Thanks and Question about quanting...
Hi;
First; thank you for all your hard work. I have downloaded and tested over 500 models and over 100 IQ versions - many made by you.
Last week I also embarked on a quest to locate non-quanted GGUF models and with the help of gguf-my-repo have automated some of this task. However the sheer number of models (sometimes part or entire repos of a model maker) are uhh... getting a little overwhelming.
If you don't mind, could you tell me how you quant the repos so fast?
My interest is two fold:
1 - Quanting more models, especially with Imatrix. [IQ4-NL especially]
2 - Adding more quant versions to my own repo in the future for not only my own use, but the community too.
Thank you for your time.
David.
Well... when I started (around february), quantising was trivial: few quant formats, no imatrix quants, the existing formats were fast to generate, basically at NVME I/O speed. Then we got more formats, and then imatrix quants, altogether of which required an order (or two) of magnitude more computing power.

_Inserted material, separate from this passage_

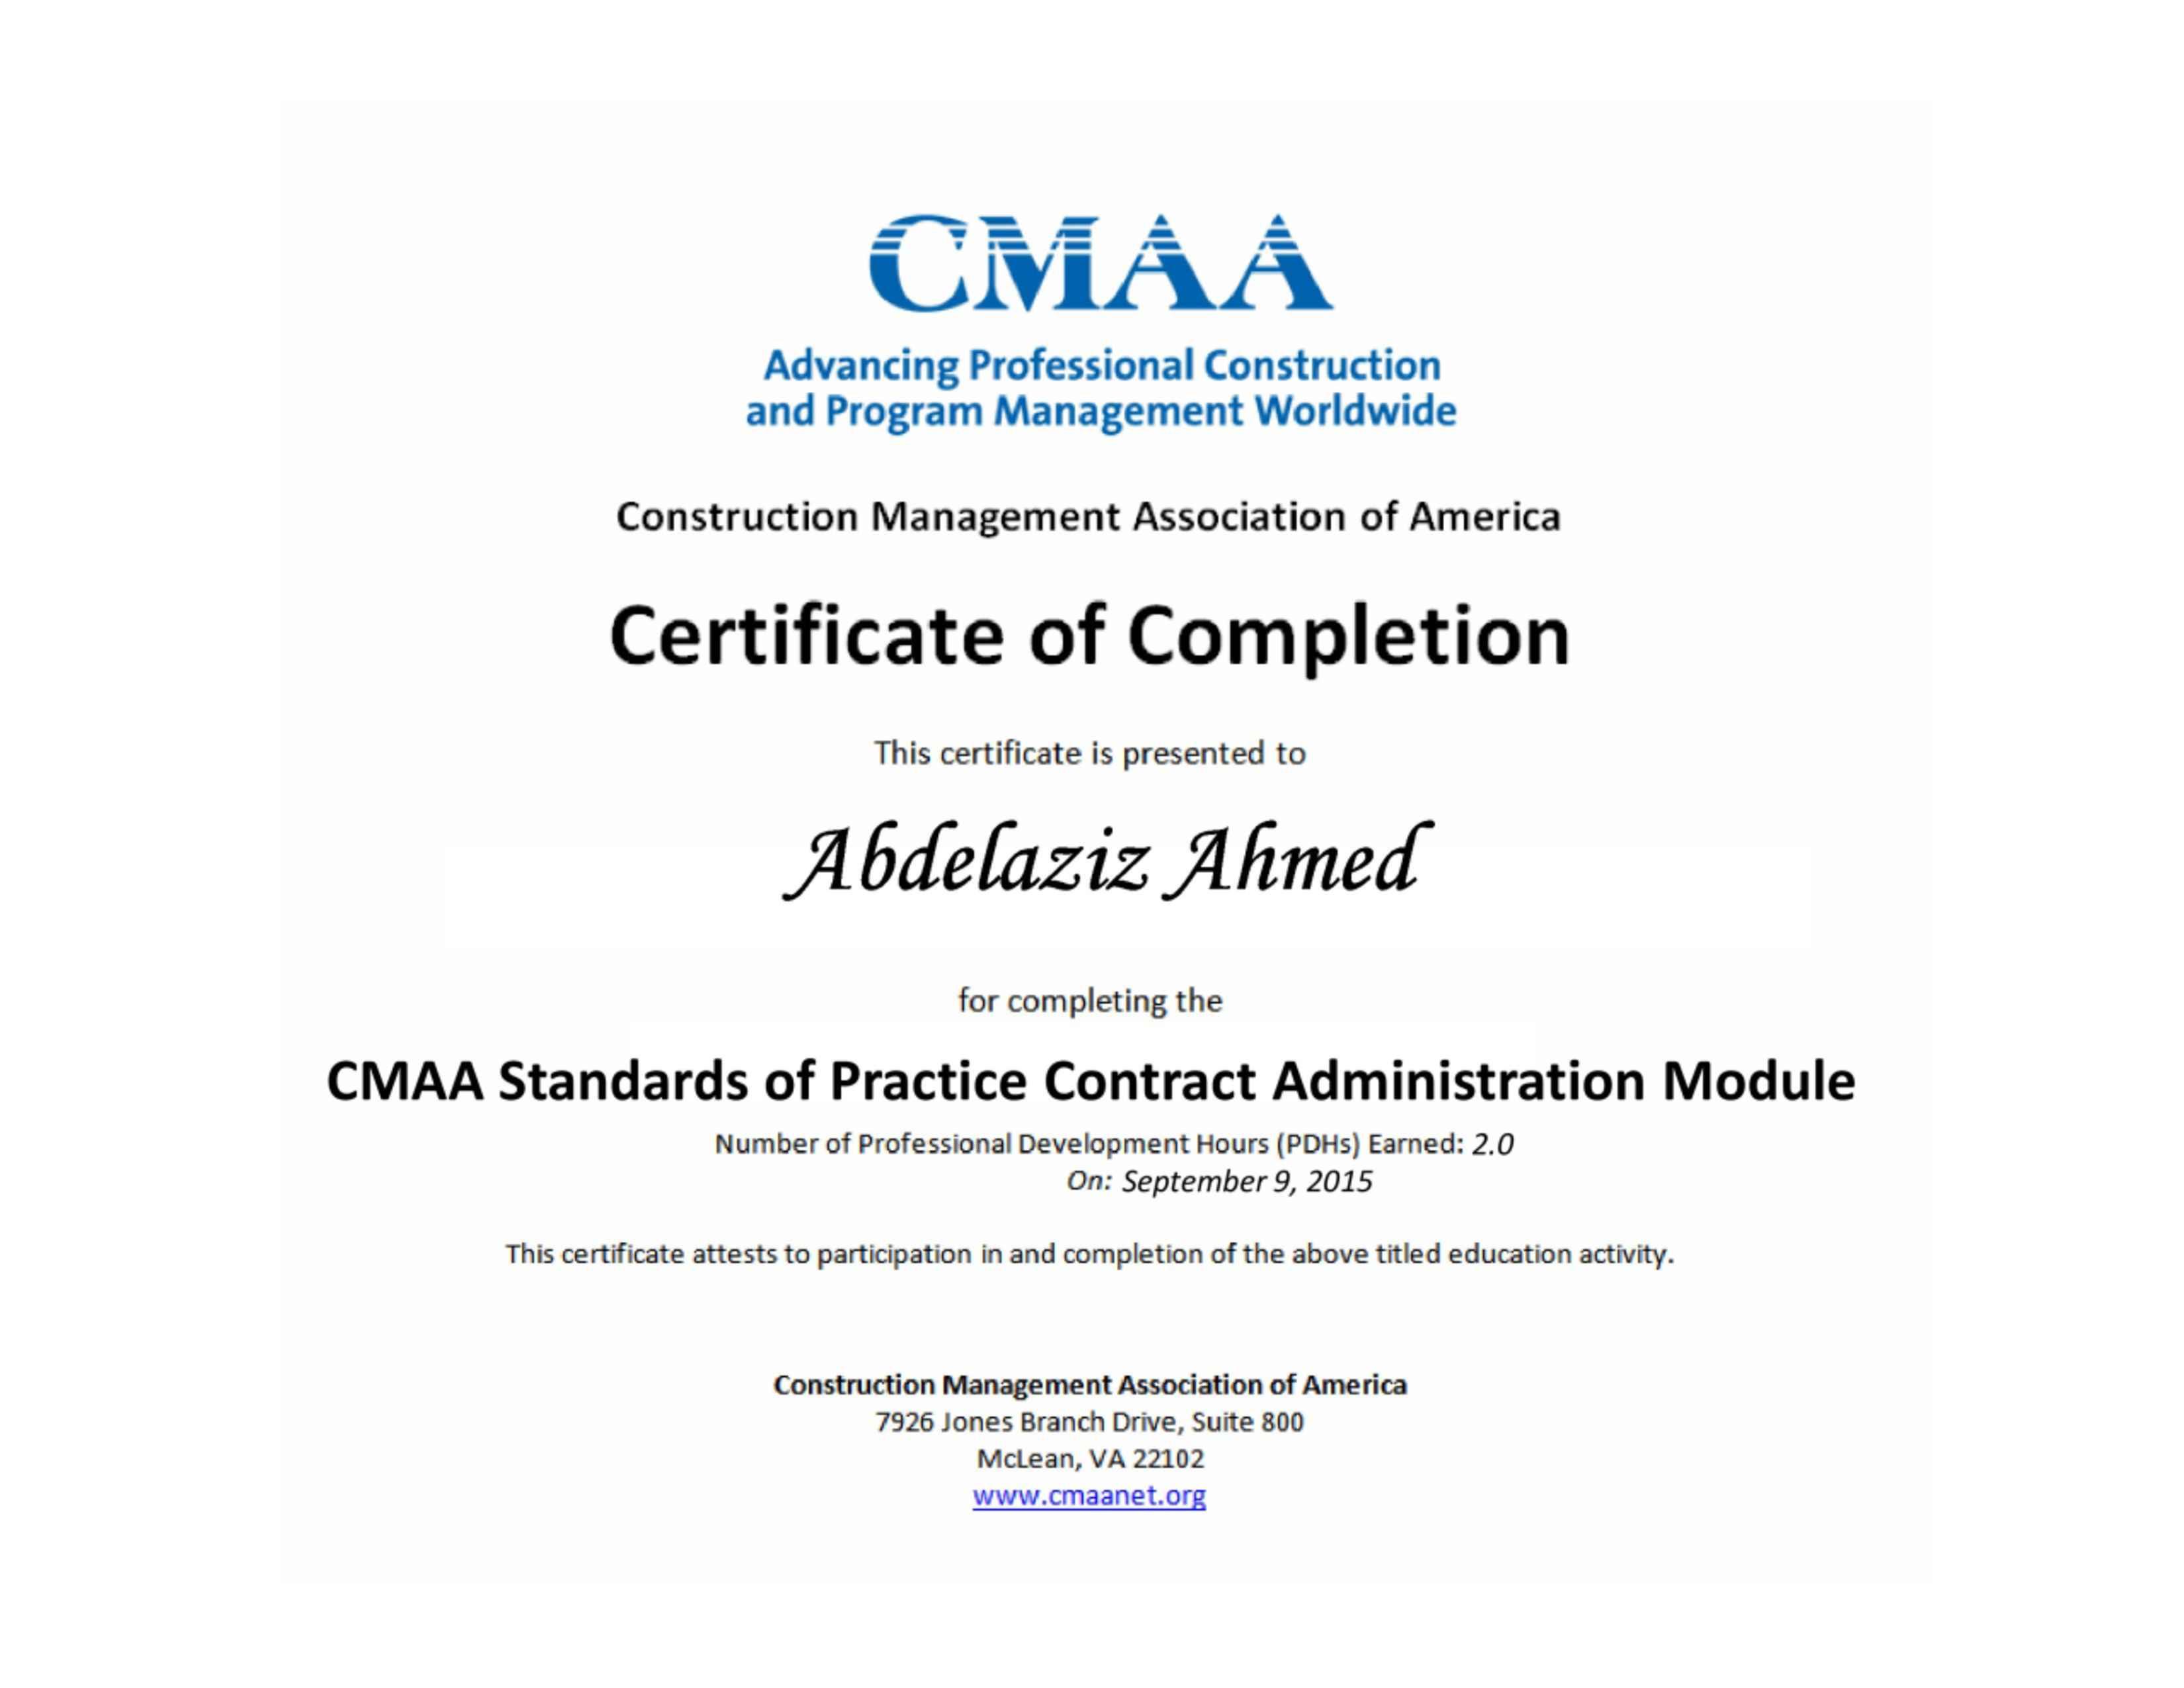 Dorable Cmaa Certification Coleccin Para La Aplicacin De Acta De

So I grew into it - I probably wouldn't have started quantising stuff a month later, too daunting a task.
And just like that, I started with a simple posix shell script that generated a few quants, then another hack that downloaded and uploaded from huggingface. Then I took over eight company servers ("2013 quad core xeons and other garbage"), wrote a job scheduler, all while retaining the very hacky but well-tested scripts I wrote. Then did the same thing with imatrix computations (I do those on my computer at home).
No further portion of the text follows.